**Exercise details**
Your answer should be the full data, transcribed exactly, with no pictures in it.

**Data block**
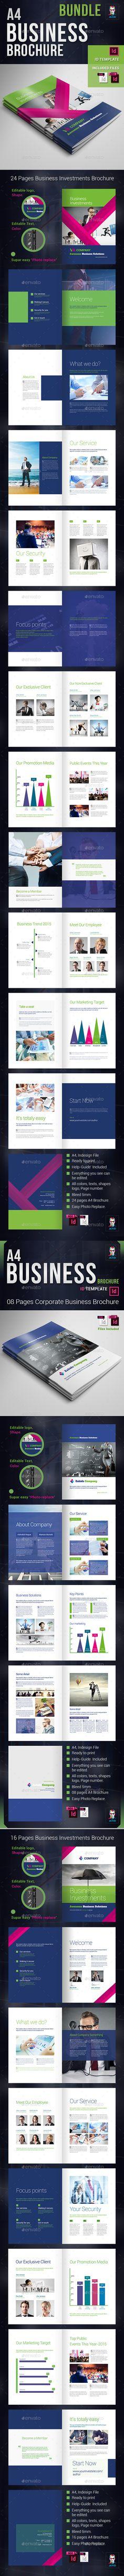 Corporate Business Investment Brochure Templates InDesign INDD Bundle #design Download: http://graphicriver.net/item/corporate-business-investment-brochure-bundle/13508983?ref=ksioks
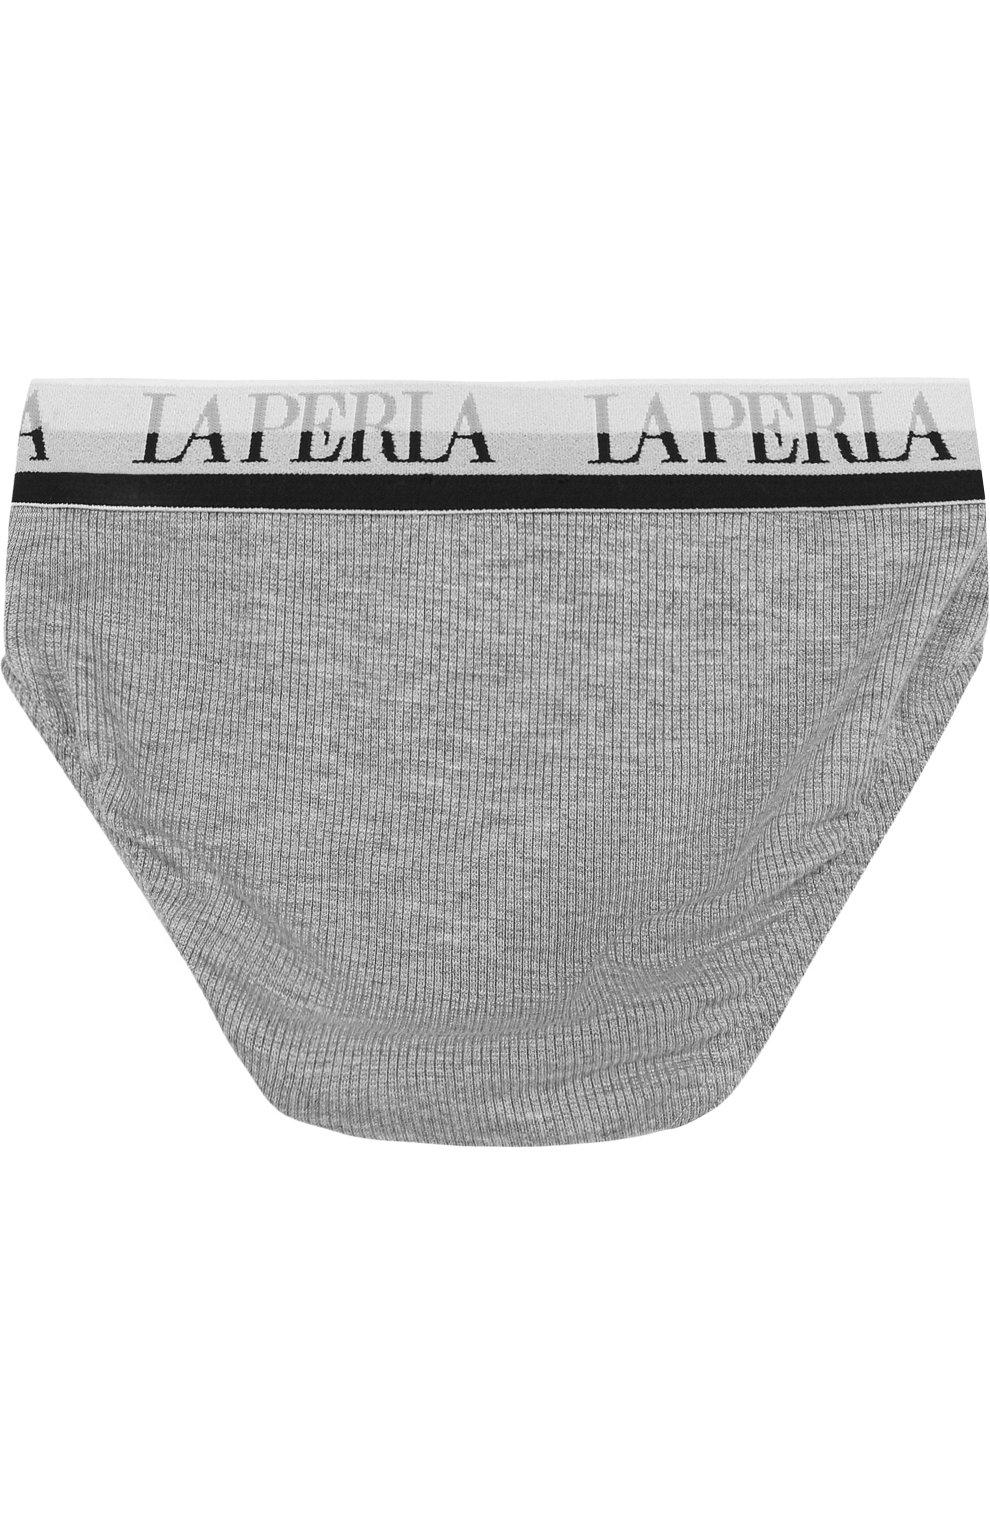 Детские брифы из вискозы с широкой резинкой LA PERLA серого цвета, арт. 54368/2A-6A | Фото 2
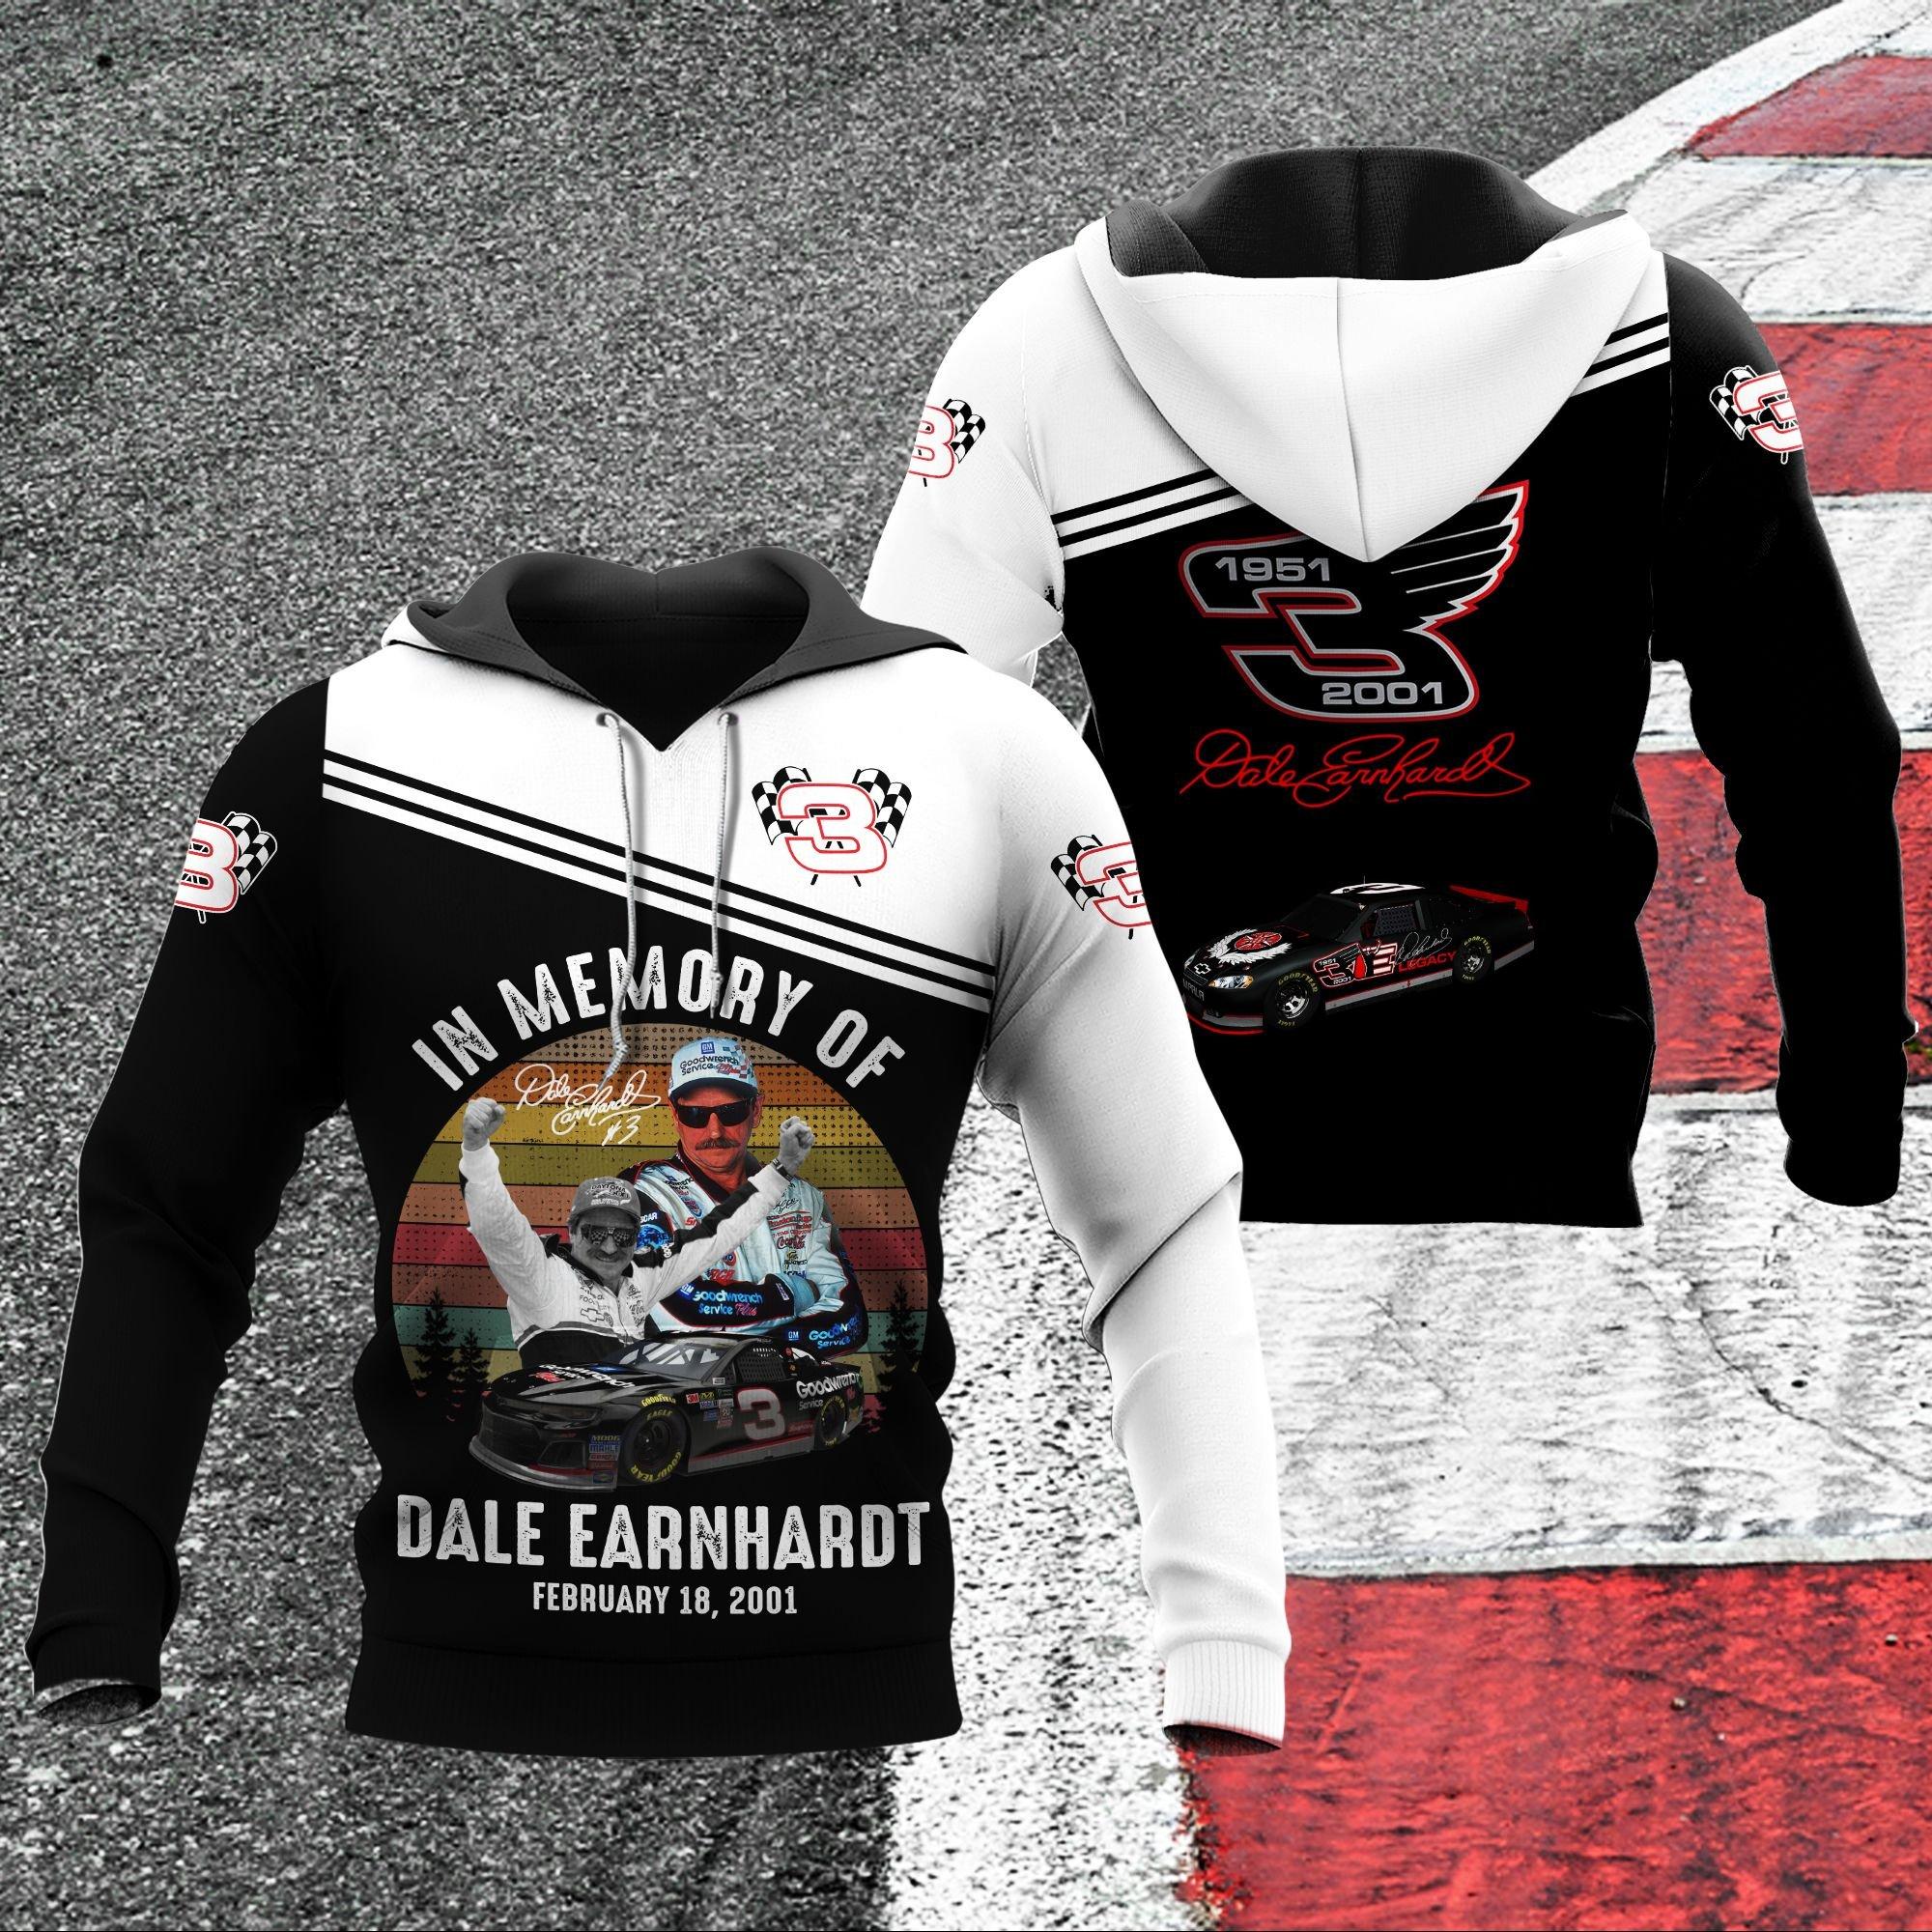 Dale Earnhardt racing 1951-2001 respect 3D Hoodie

**Completed task**
 Corporate Business Investment Brochure Templates InDesign INDD Bundle #design Download: http://graphicriver.net/item/corporate-business-investment-brochure-bundle/13508983?ref=ksioks
 Детские брифы из вискозы с широкой резинкой LA PERLA серого цвета, арт. 54368/2A-6A | Фото 2
 Dale Earnhardt racing 1951-2001 respect 3D Hoodie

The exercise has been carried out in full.